Automate GFS2 partition mounting at startup

  • Copy provided mount script in /etc/init.d directory:

[tux]# cp mountgfs2.sh /etc/init.d/

  • Then take care to call the script at the right time. GFS2 partition needs to be mounted after DRBD start (to see /dev/drbd0) and unmounted before DRBD stop (to free the partition and enable DRBD to quit properly):
[tux]# update-rc.d mountgfs2.sh start 70 2 3 4 5 . stop 07 0 1 6 .
  Adding system startup for /etc/init.d/mountgfs2.sh ...
       /etc/rc0.d/K07mountgfs2.sh -> ../init.d/mountgfs2.sh
       /etc/rc1.d/K07mountgfs2.sh -> ../init.d/mountgfs2.sh
       /etc/rc6.d/K07mountgfs2.sh -> ../init.d/mountgfs2.sh
       /etc/rc2.d/S70mountgfs2.sh -> ../init.d/mountgfs2.sh
       /etc/rc3.d/S70mountgfs2.sh -> ../init.d/mountgfs2.sh
       /etc/rc4.d/S70mountgfs2.sh -> ../init.d/mountgfs2.sh
       /etc/rc5.d/S70mountgfs2.sh -> ../init.d/mountgfs2.sh

Failure handling

Let’s spend some time to speak about the behavior in case of failure. In the current state, only manual fencing is configured in cluster.conf. Thus, in one node failed, the access to the shared system is frozen until we are sure the failed node is really dead.

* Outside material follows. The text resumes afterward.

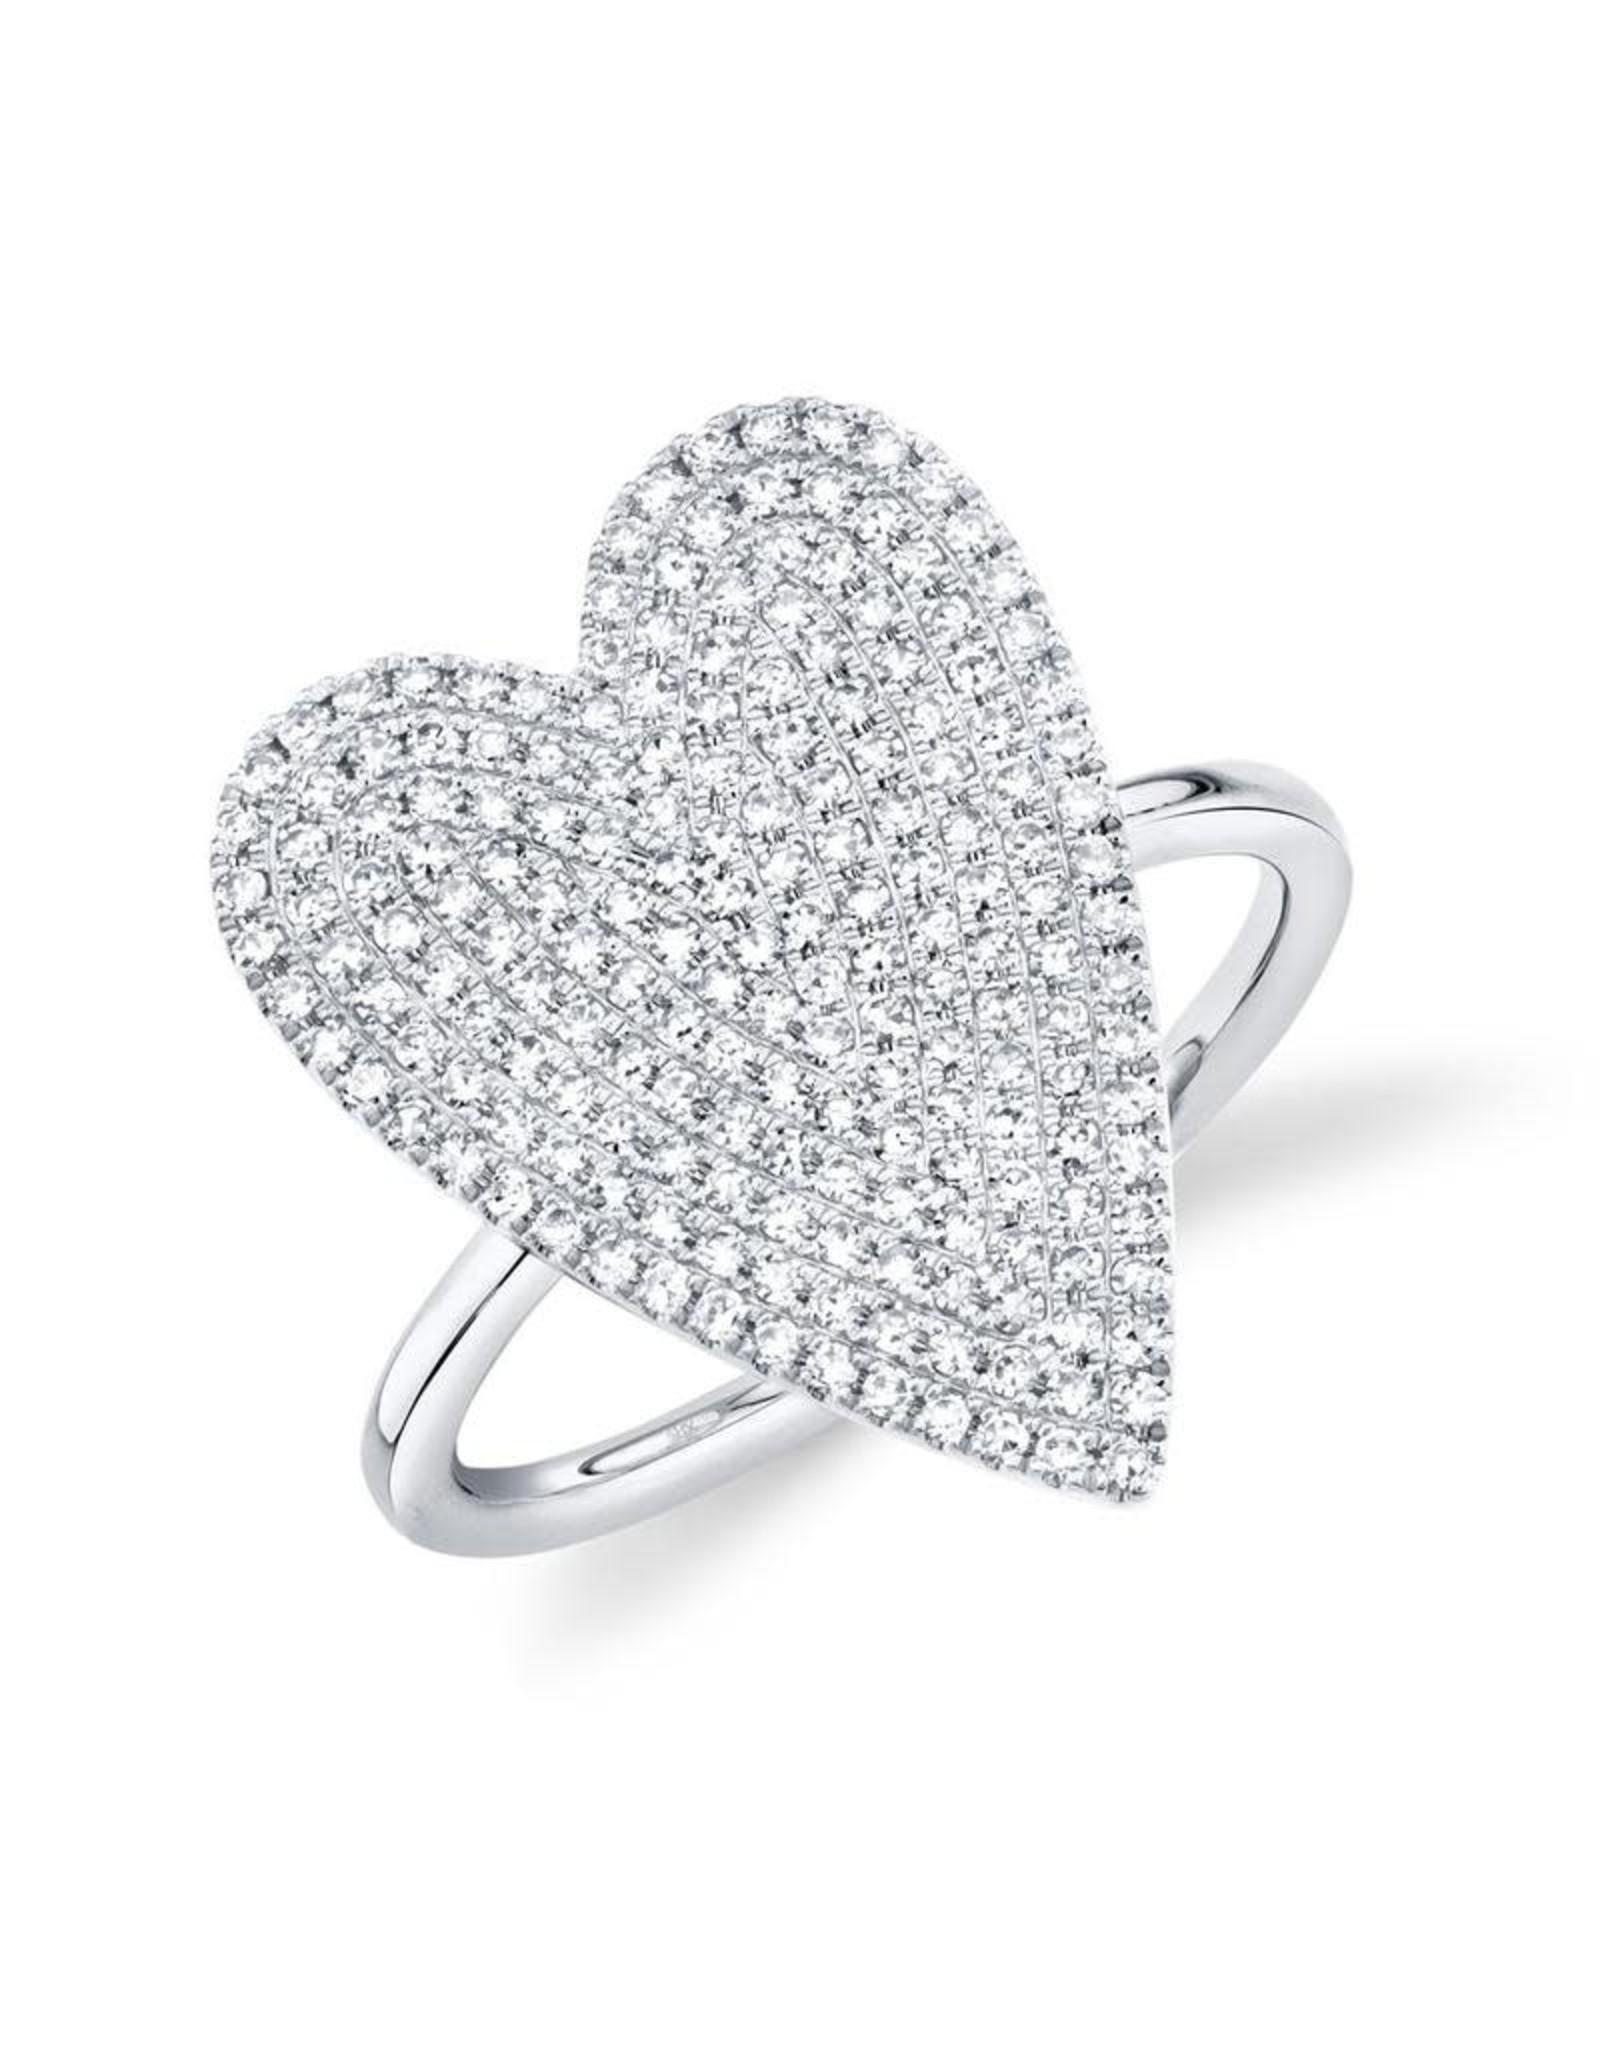 14K White Gold Diamond Pave Heart Ring, D: 0.26ct

  • If hostname2 failed for one or another reason, following lines will appear in /var/syslog of hostname1:
Jan 13 22:04:10 hostname1 kernel: dlm: closing connection to node 2
Jan 13 22:04:10 hostname1 fenced[2543]: hostname2 not a cluster member after 0 sec post_fail_delay
Jan 13 22:04:10 hostname1 fenced[2543]: fencing node "hostname2"
Jan 13 22:04:10 hostname1 fenced[2543]: fence "hostname2" failed
  • During this time, access to GFS2 filesystem is frozen. A manual fencing (executed on functional machine) is needed to get access again to the shared partition:

[hostname1]# fence_ack_manual -n hostname2

  • Once this is done, repair the failed node and connect it with the valid one only when you are sure it is ok, necessary to avoid corruption!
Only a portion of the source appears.